Remove routes entirely outside the Bay Area ¶

filtered_gtfs = filter_transit_by_boundary(gtfs_model, “bay_area_boundary.shp”)

Truncate rail routes at boundary, keep other route types unchanged ¶

filtered_gtfs = filter_transit_by_boundary( … gtfs_model, … “bay_area_boundary.shp”, … partially_include_route_type_action={ … RouteType.RAIL: “truncate”, # Rail - will be truncated at boundary … # Other route types not listed will be kept entirely … }, … )

Todo

This is similar to clip_feed_to_boundary – consolidate?

Source code in network_wrangler/transit/filter.py

def filter_transit_by_boundary(  # noqa: PLR0912, PLR0915
    transit_data: GtfsModel | Feed,
    boundary: str | Path | gpd.GeoDataFrame,
    partially_include_route_type_action: dict[RouteType, str] | None = None,
) -> None:
    """Filter transit routes based on whether they have stops within a boundary.
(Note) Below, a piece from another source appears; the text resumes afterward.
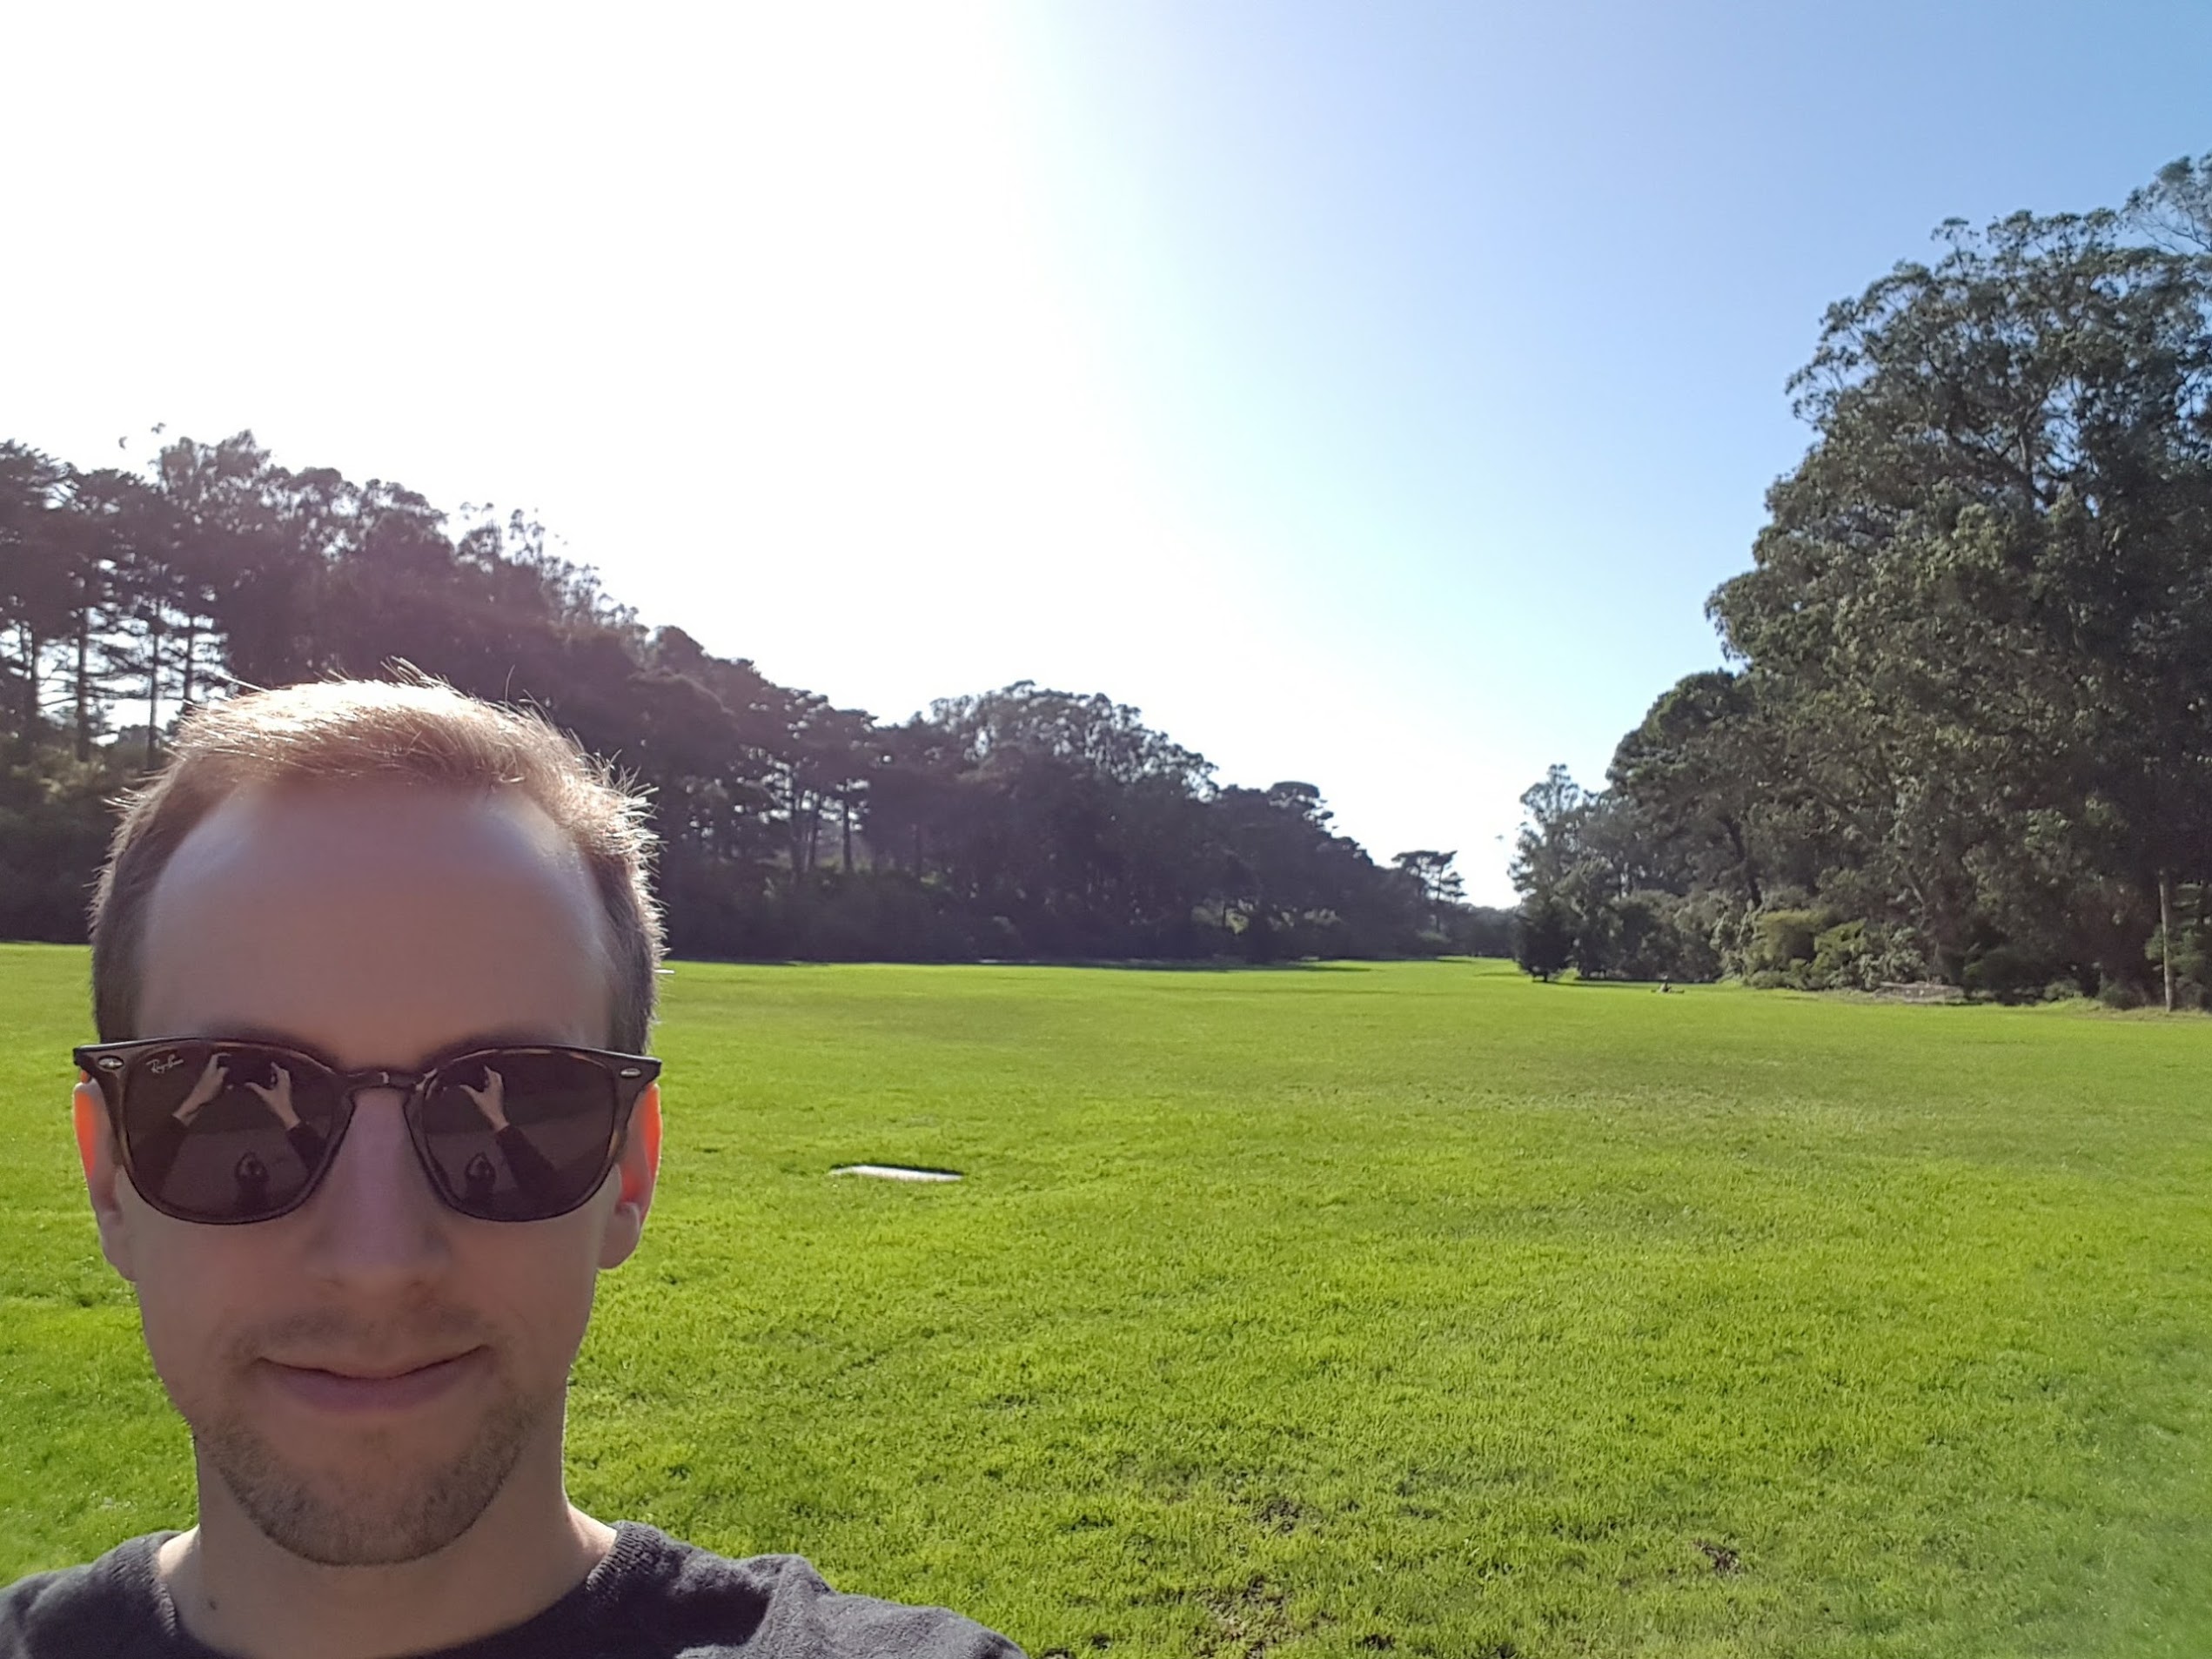 The author taking a picture of himself in Golden Gate Park

    Removes routes that are entirely outside the boundary shapefile. Routes that are
    partially within the boundary are kept by default, but can be configured per
    route type to be truncated at the boundary. Modifies transit_data in place.

    Args:
        transit_data: Either a GtfsModel or Feed object to filter. Modified in place.
        boundary: Path to boundary shapefile or a GeoDataFrame with boundary polygon(s)
        partially_include_route_type_action: Optional dictionary mapping RouteType enum to
            action for routes partially within boundary:
            - "truncate": Truncate route to only include stops within boundary
            Route types not specified in this dictionary will be kept entirely (default).

    Example:
        >>> from network_wrangler.models.gtfs.types import RouteType
        >>> # Remove routes entirely outside the Bay Area
        >>> filtered_gtfs = filter_transit_by_boundary(gtfs_model, "bay_area_boundary.shp")
        >>> # Truncate rail routes at boundary, keep other route types unchanged
        >>> filtered_gtfs = filter_transit_by_boundary(
        ...     gtfs_model,
        ...     "bay_area_boundary.shp",
        ...     partially_include_route_type_action={
        ...         RouteType.RAIL: "truncate",  # Rail - will be truncated at boundary
        ...         # Other route types not listed will be kept entirely
        ...     },
        ... )

    !!! todo
        This is similar to [`clip_feed_to_boundary`][network_wrangler.transit.clip.clip_feed_to_boundary] -- consolidate?

    """
    WranglerLogger.info("Filtering transit routes by boundary")

    # Log input parameters
    WranglerLogger.debug(
        f"partially_include_route_type_action: {partially_include_route_type_action}"
    )

    # Load boundary if it's a file path
    if isinstance(boundary, str | Path):
        WranglerLogger.debug(f"Loading boundary from file: {boundary}")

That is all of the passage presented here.